The number of the moles of iron is:

$n=\frac{m}{M} = \frac{57.8\text{ g}}{ 55.845\text{ g/mol}} = 1.035 \text{ mol}$

The number of the moles of oxygen is:

$n=\frac{m}{M} = \frac{56.3\text{ g}}{ 32.00\text{ g/mol}} = 1.76 \text{ mol}$

Let's write the reaction equation and balance it:

4Fe + 3O₂ $\rightarrow$ 2Fe₂O₃

As you can see, 4 moles of iron react with 3 moles of oxygen.
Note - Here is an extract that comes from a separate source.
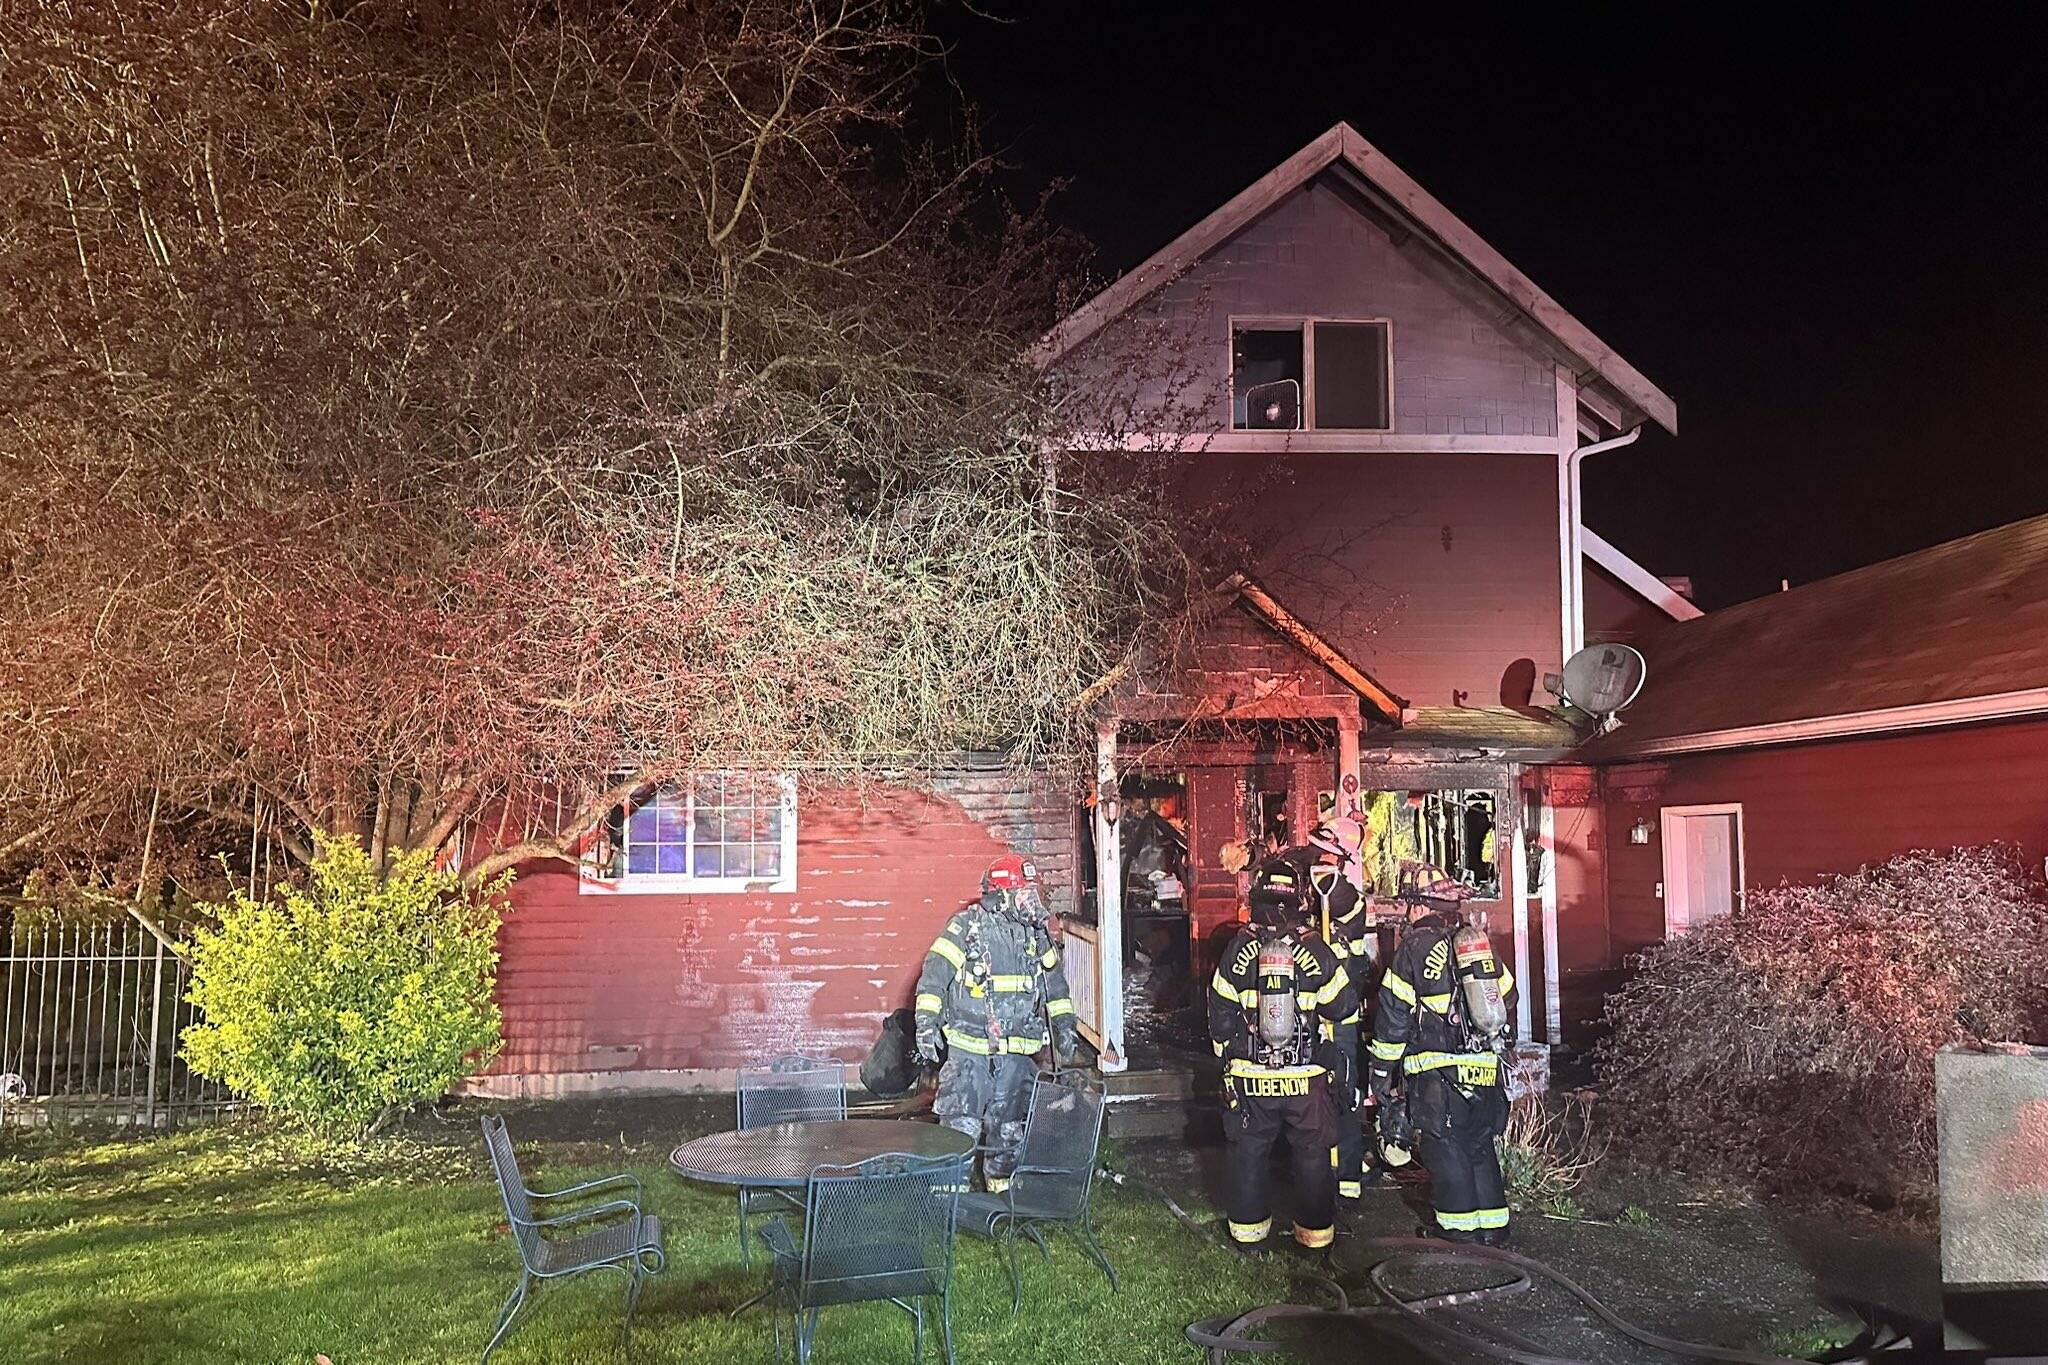 Firefighters respond to smoke alarms Tuesday morning in the 11000 block of 6th Avenue W in Everett, Washington. (Photo provided by South County Fire)
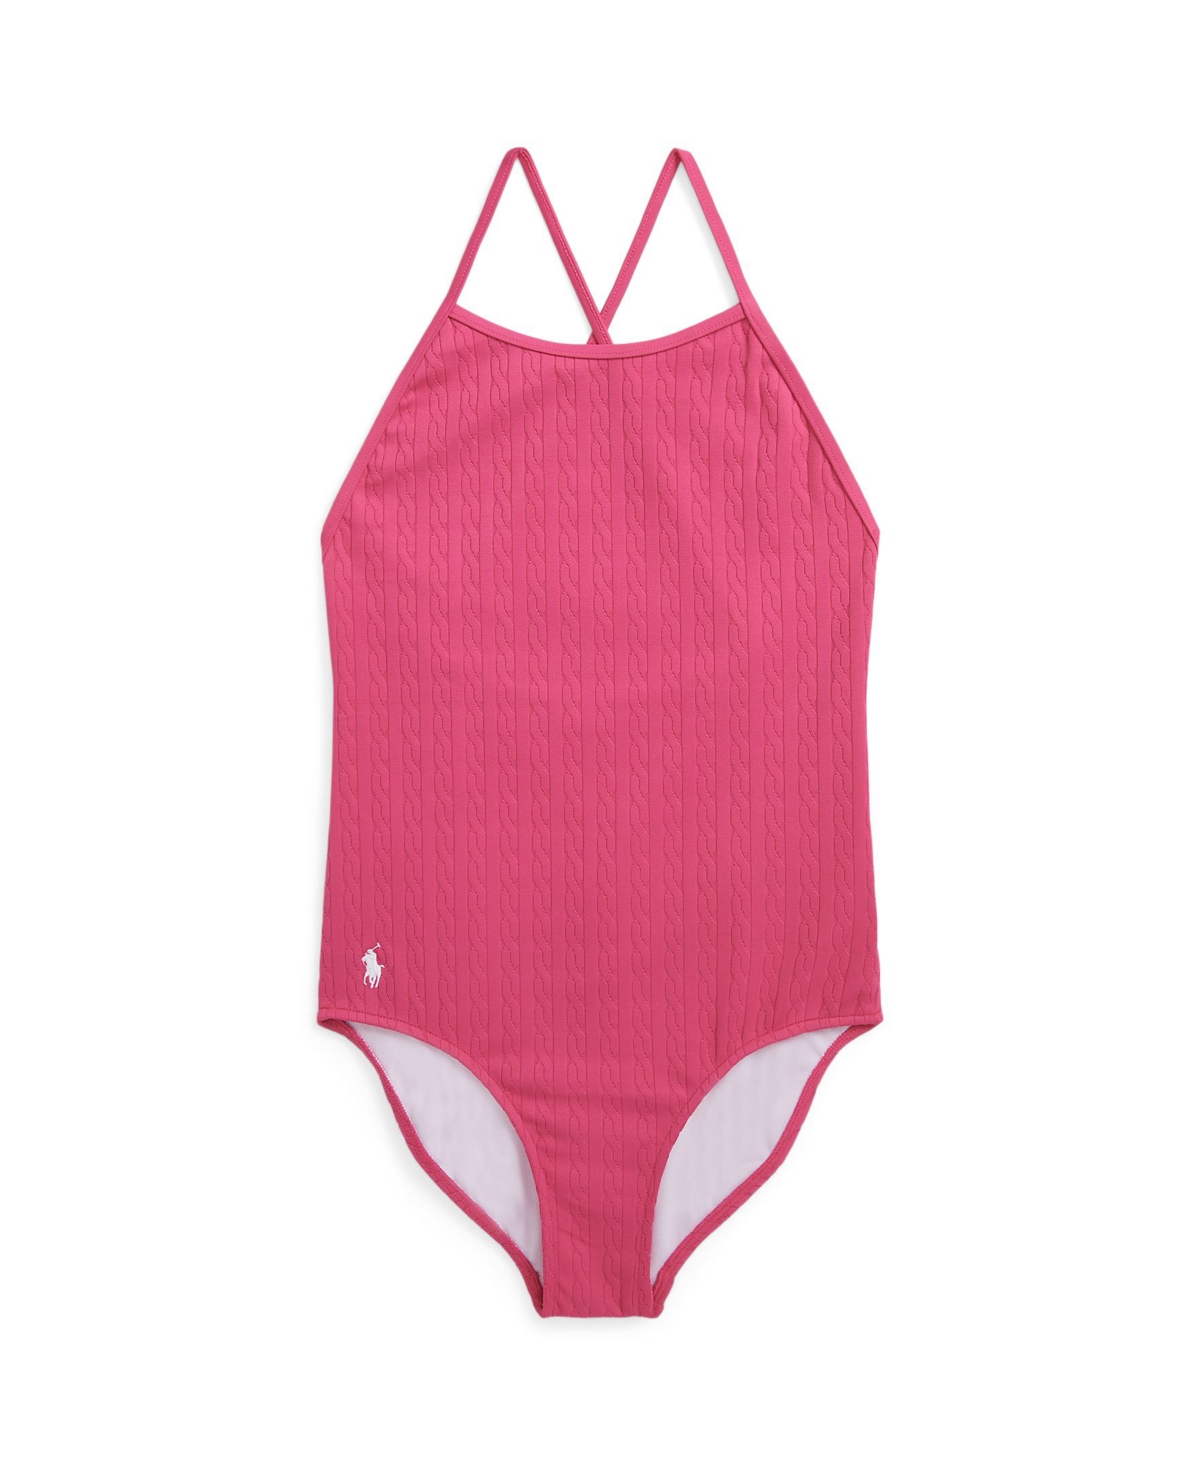 Polo Ralph Lauren Kids' Big Girls Stretch Jacquard One-piece Swimsuit In Bright Pink With White

Therefore, the number of the moles of O₂ needed to react with all the iron available is: $1.035\cdot3/4 = 0.777$ mol. The amount of the oxygen is larger: 1.76 mol, so the oxygen is in excess. The number of the moles of the iron oxide Fe₂O₃ produced when all iron is consumed is:

$n = 1.035\cdot2/4 = 0.518$ mol

Therefore, its mass is:

$m = n\cdot M = 0.518 \text{ mol}\cdot159.69 \text{ g/mol} = 82.6$ g

Answer: 82.6 g of iron oxide can be produced with 56.3 grams of O₂ and 57.8 grams of Fe.